**Description of the task:** Write out the listing below exactly, and omit any images you find in it.

**Data segment:**
━━━━━━━━━━━━━━━━━━━━━━━━━━━━━━

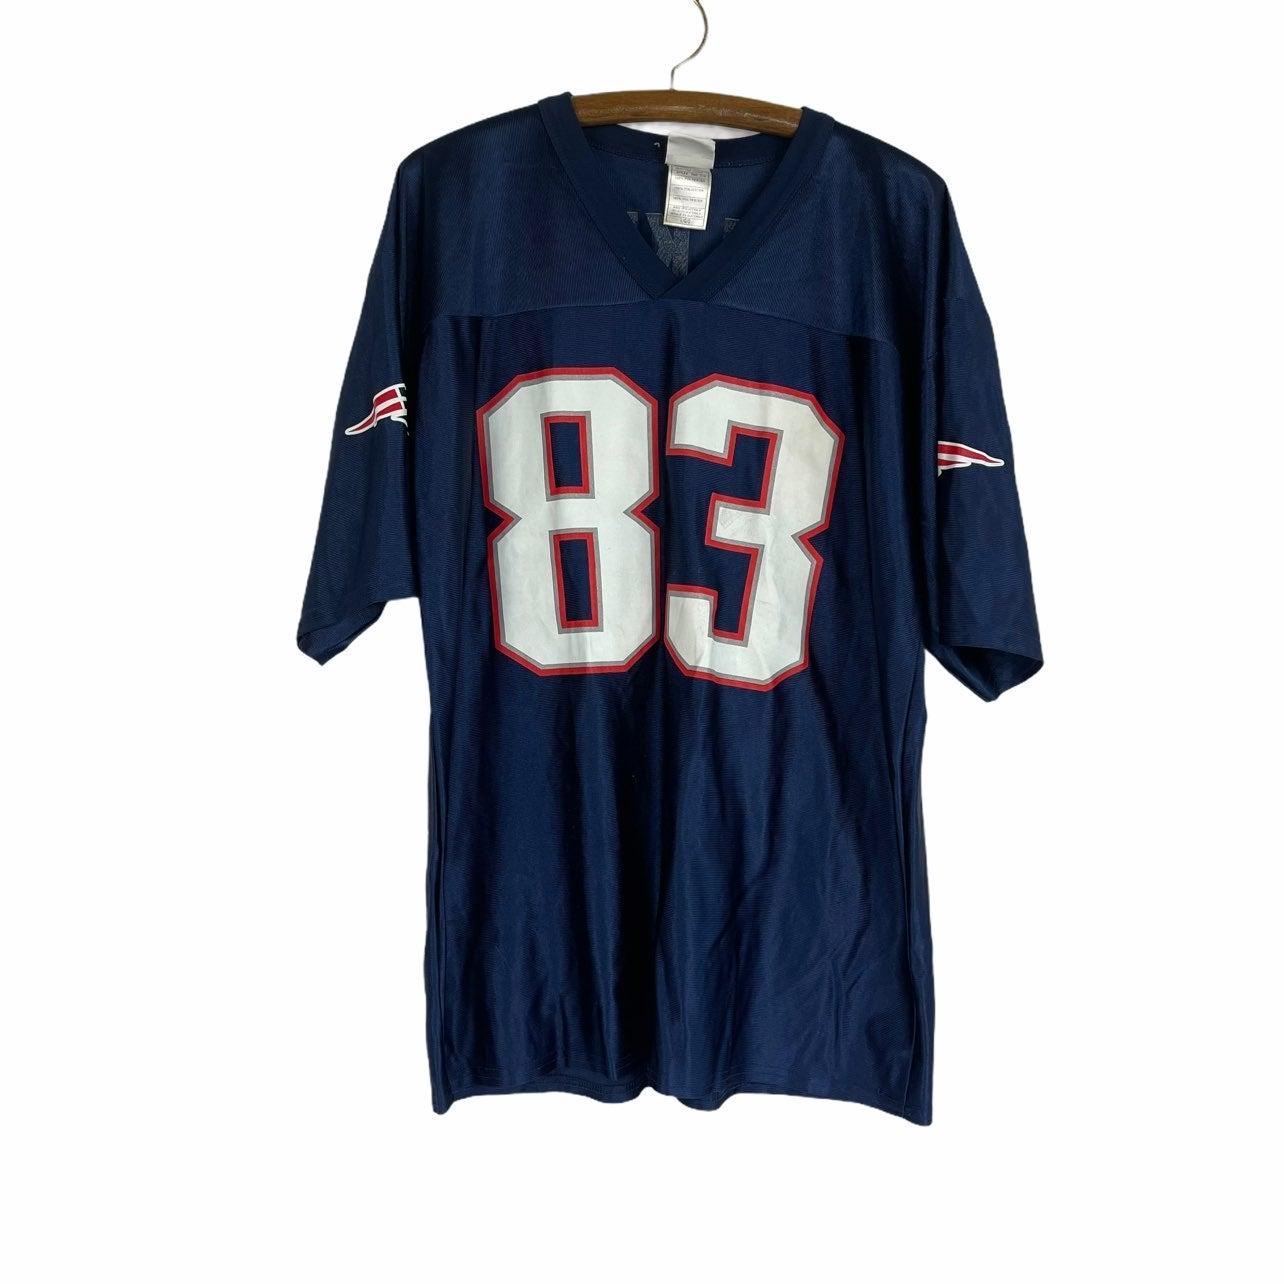 patriots jersey 3x
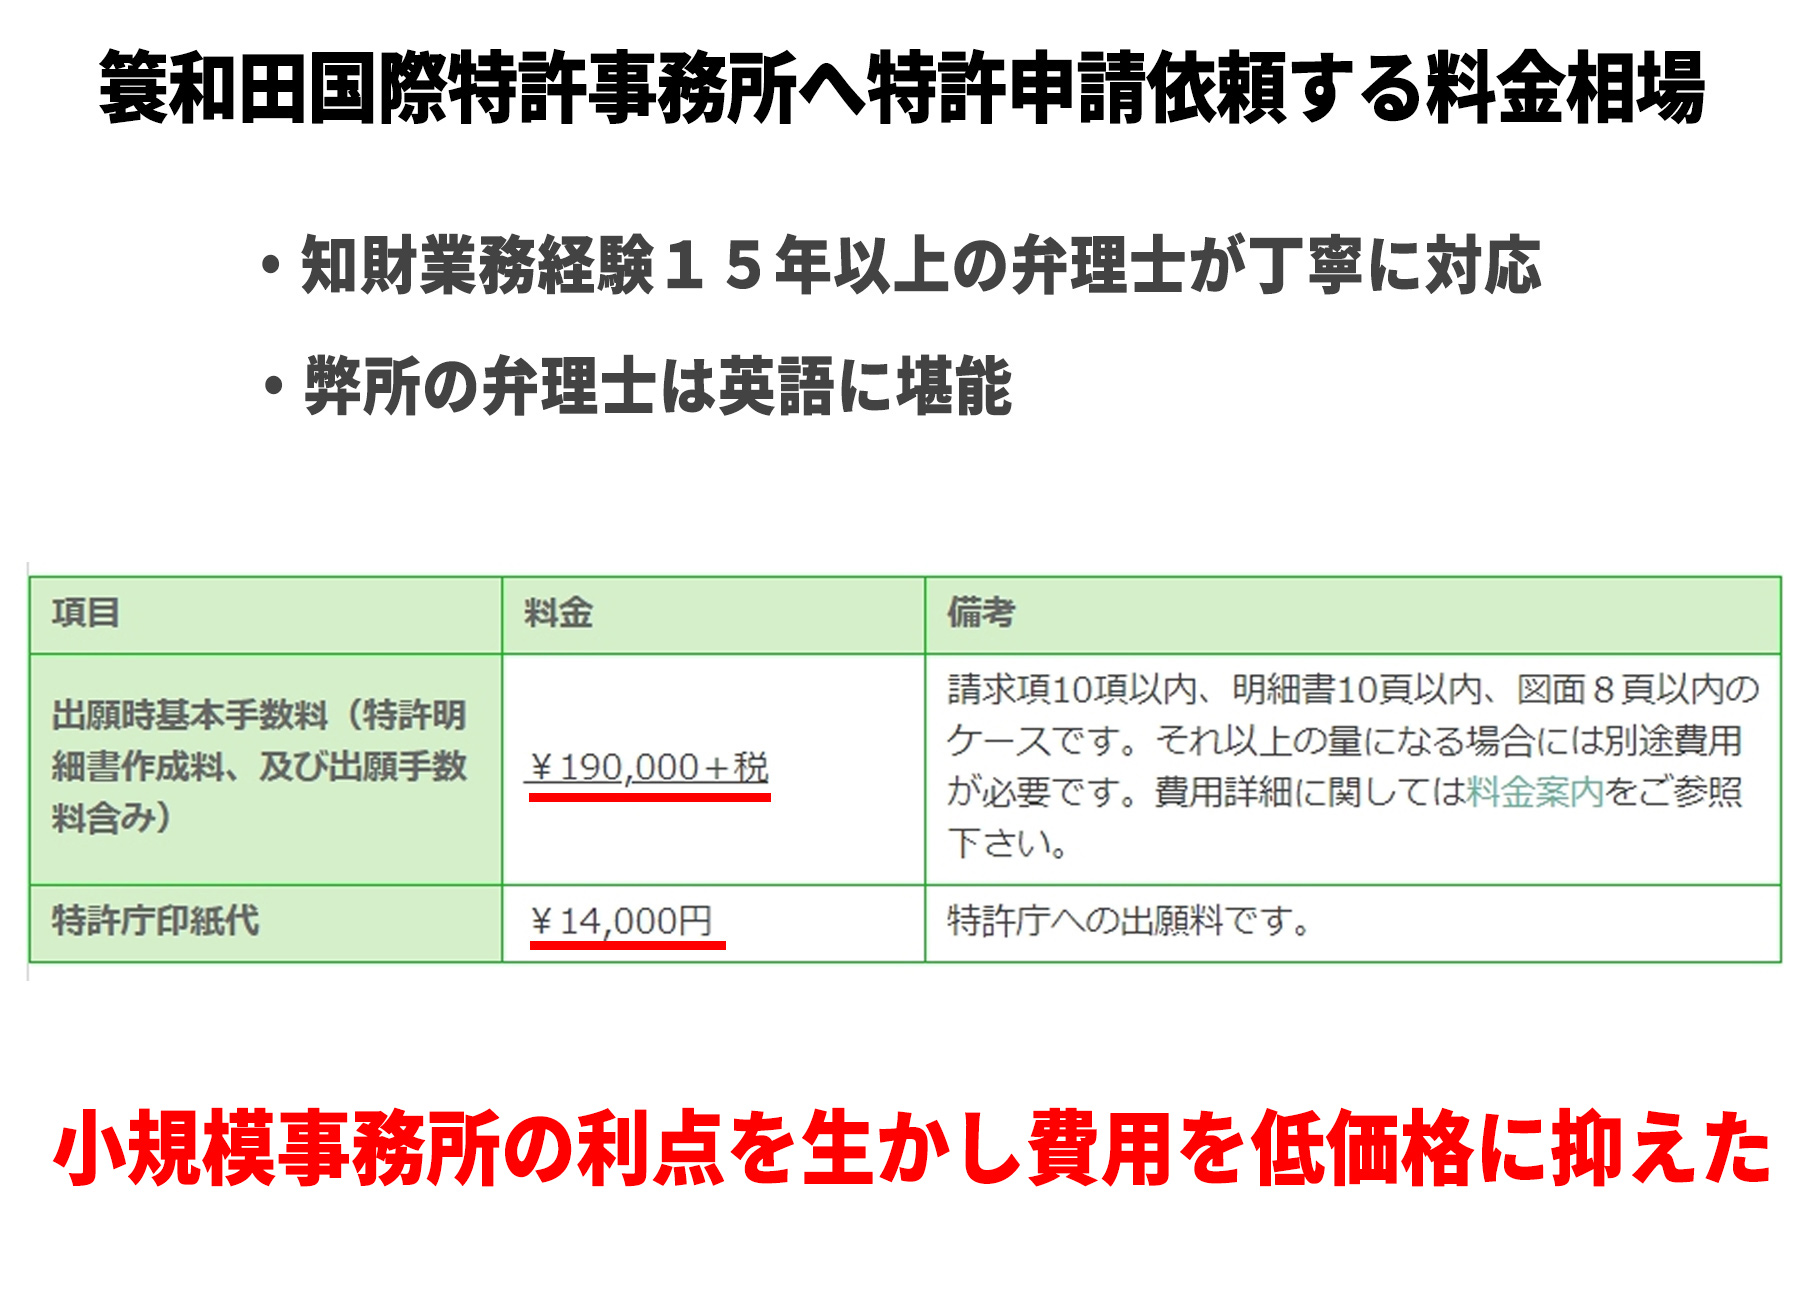 簑和田国際特許事務所へ特許申請依頼する料金相場
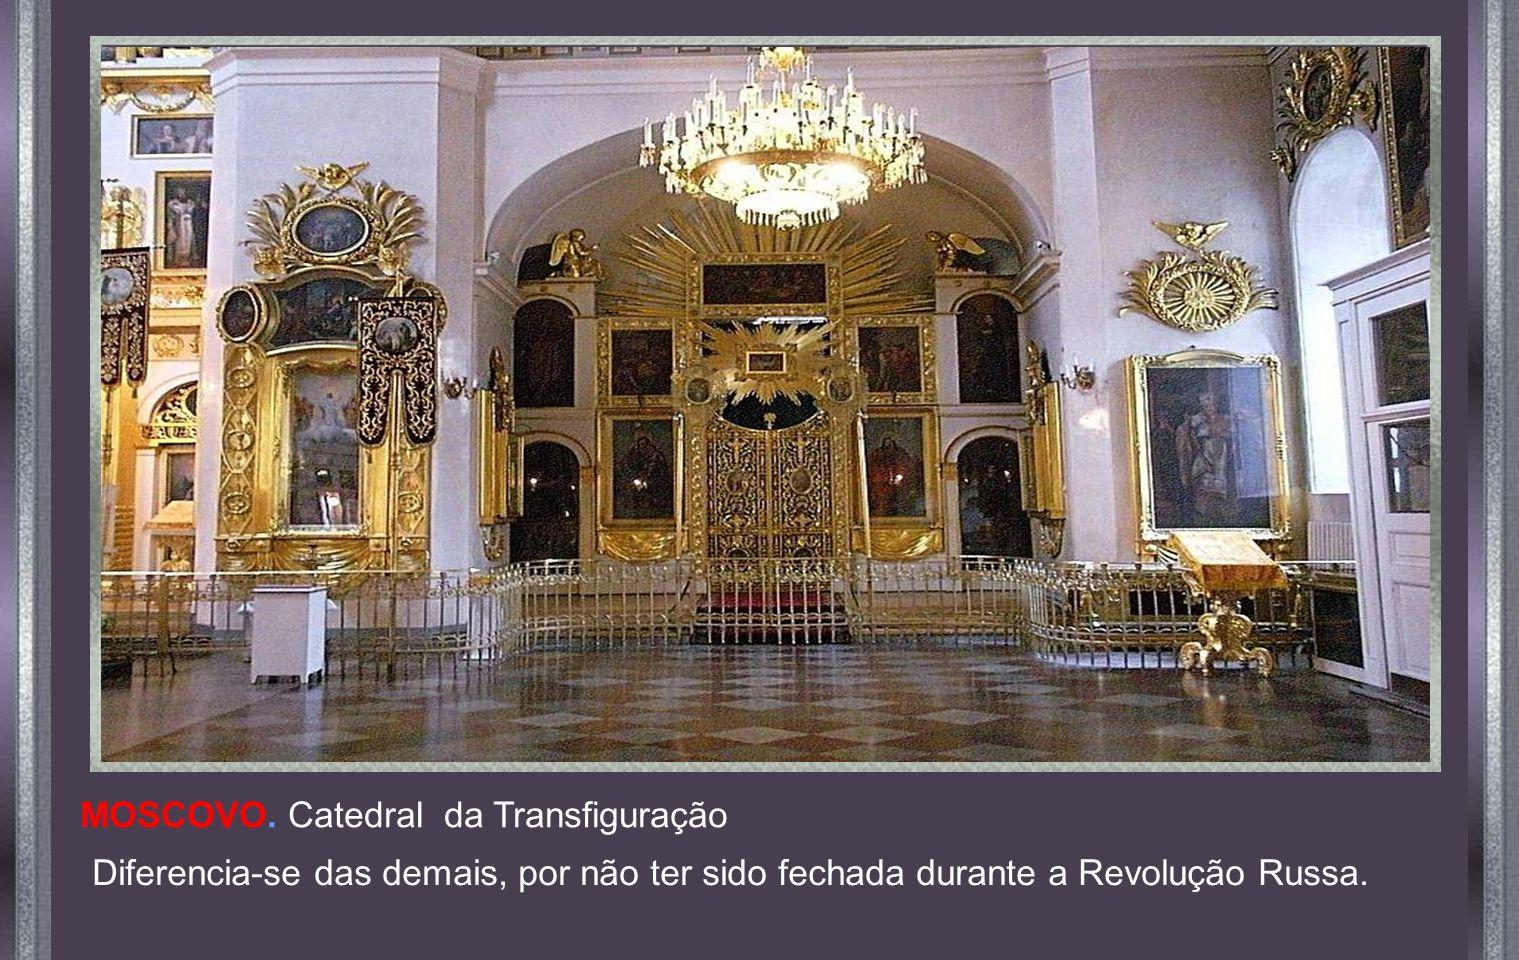 MOSCOVO. Catedral da Transfiguração

━━━━━━━━━━━━━━━━━━━━━━━━━━━━━━

**Task response:**
 patriots jersey 3x
 簑和田国際特許事務所へ特許申請依頼する料金相場
 MOSCOVO. Catedral da Transfiguração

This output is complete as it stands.